Every line of the entries below from the one containing "Ποδοσφαιρική φανέλα Eintracht" to the one containing "市の中心部現代のひばり善本堂(ぜんほんどう)香炉 香立て お香用具", both ends included, must be written out exactly. No other line belongs in the answer.

▶ EXERCISE MATERIALS
——

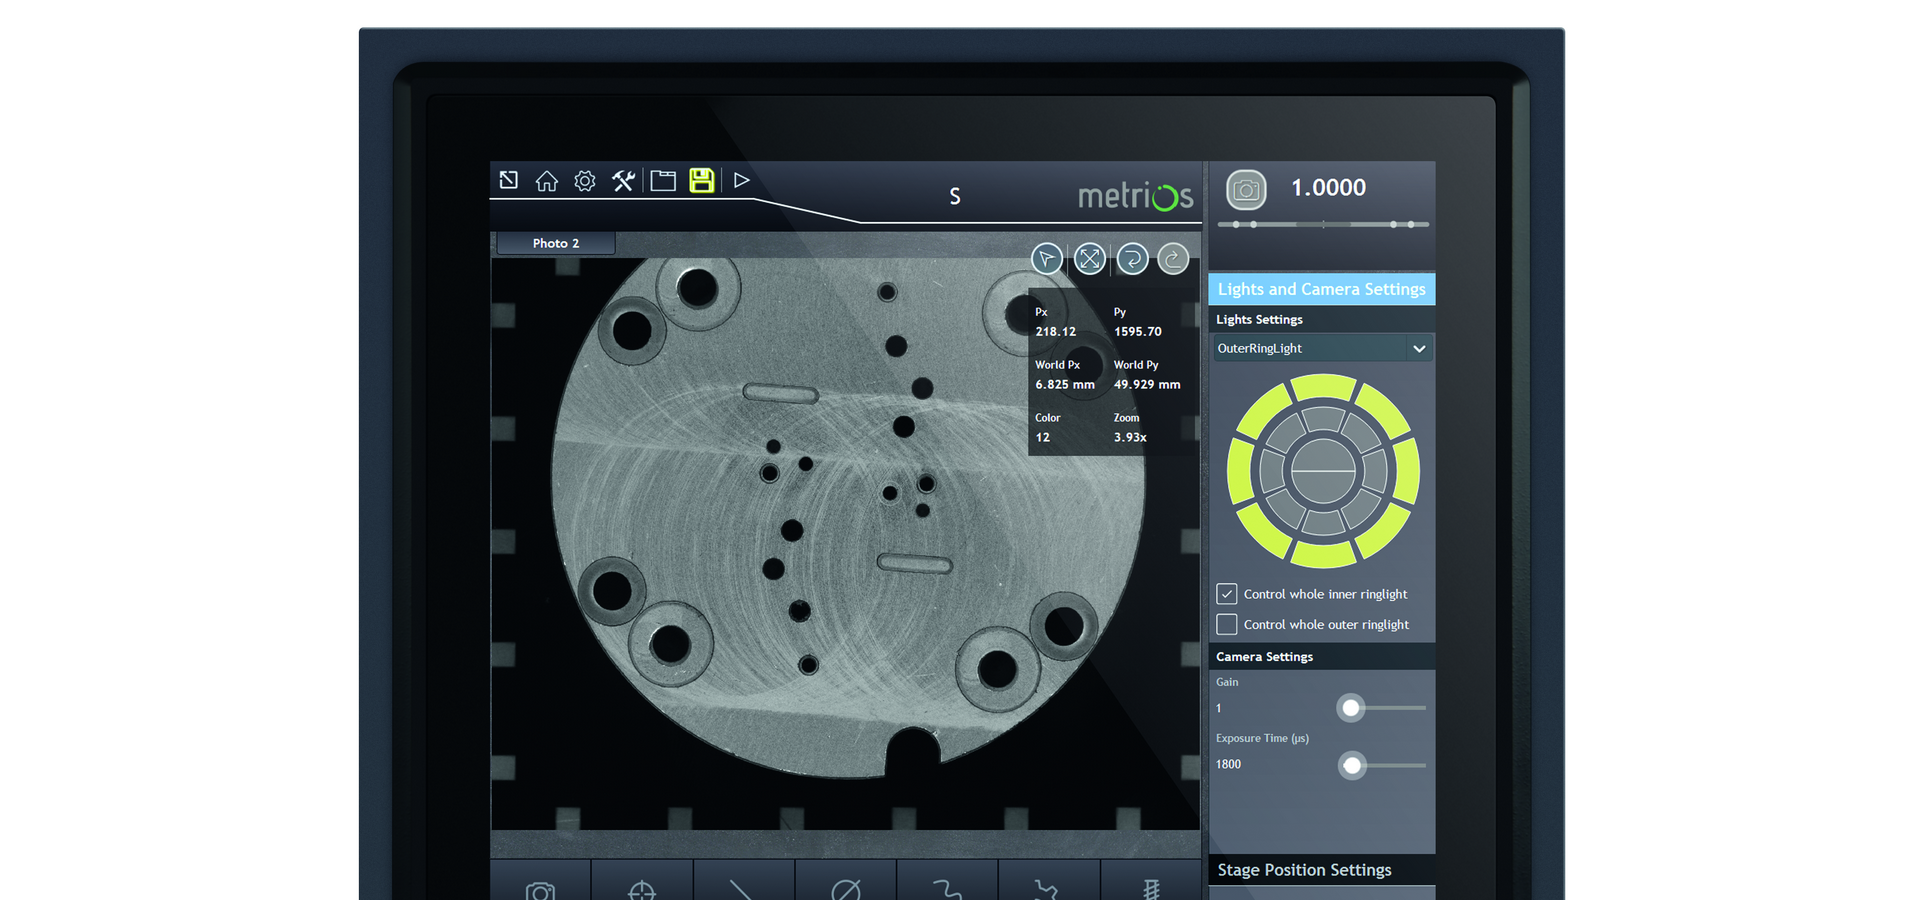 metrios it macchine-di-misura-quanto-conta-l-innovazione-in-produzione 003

——

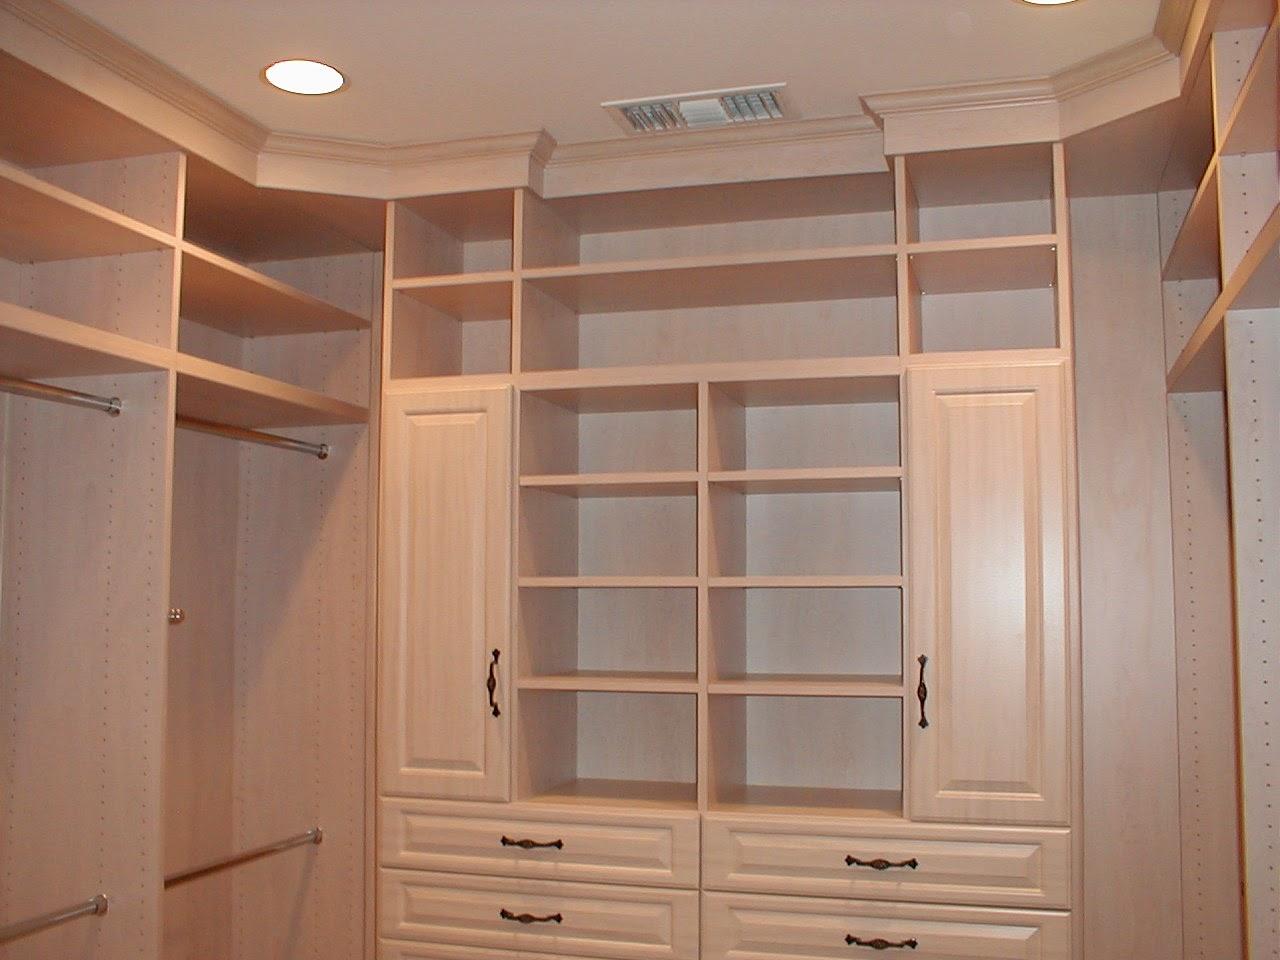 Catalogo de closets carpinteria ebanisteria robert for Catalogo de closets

——

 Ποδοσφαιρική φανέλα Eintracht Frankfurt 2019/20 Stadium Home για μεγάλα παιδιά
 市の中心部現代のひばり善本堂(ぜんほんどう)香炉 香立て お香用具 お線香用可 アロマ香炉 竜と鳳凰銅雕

——

▶ TASK RESPONSE
 Ποδοσφαιρική φανέλα Eintracht Frankfurt 2019/20 Stadium Home για μεγάλα παιδιά
 市の中心部現代のひばり善本堂(ぜんほんどう)香炉 香立て お香用具 お線香用可 アロマ香炉 竜と鳳凰銅雕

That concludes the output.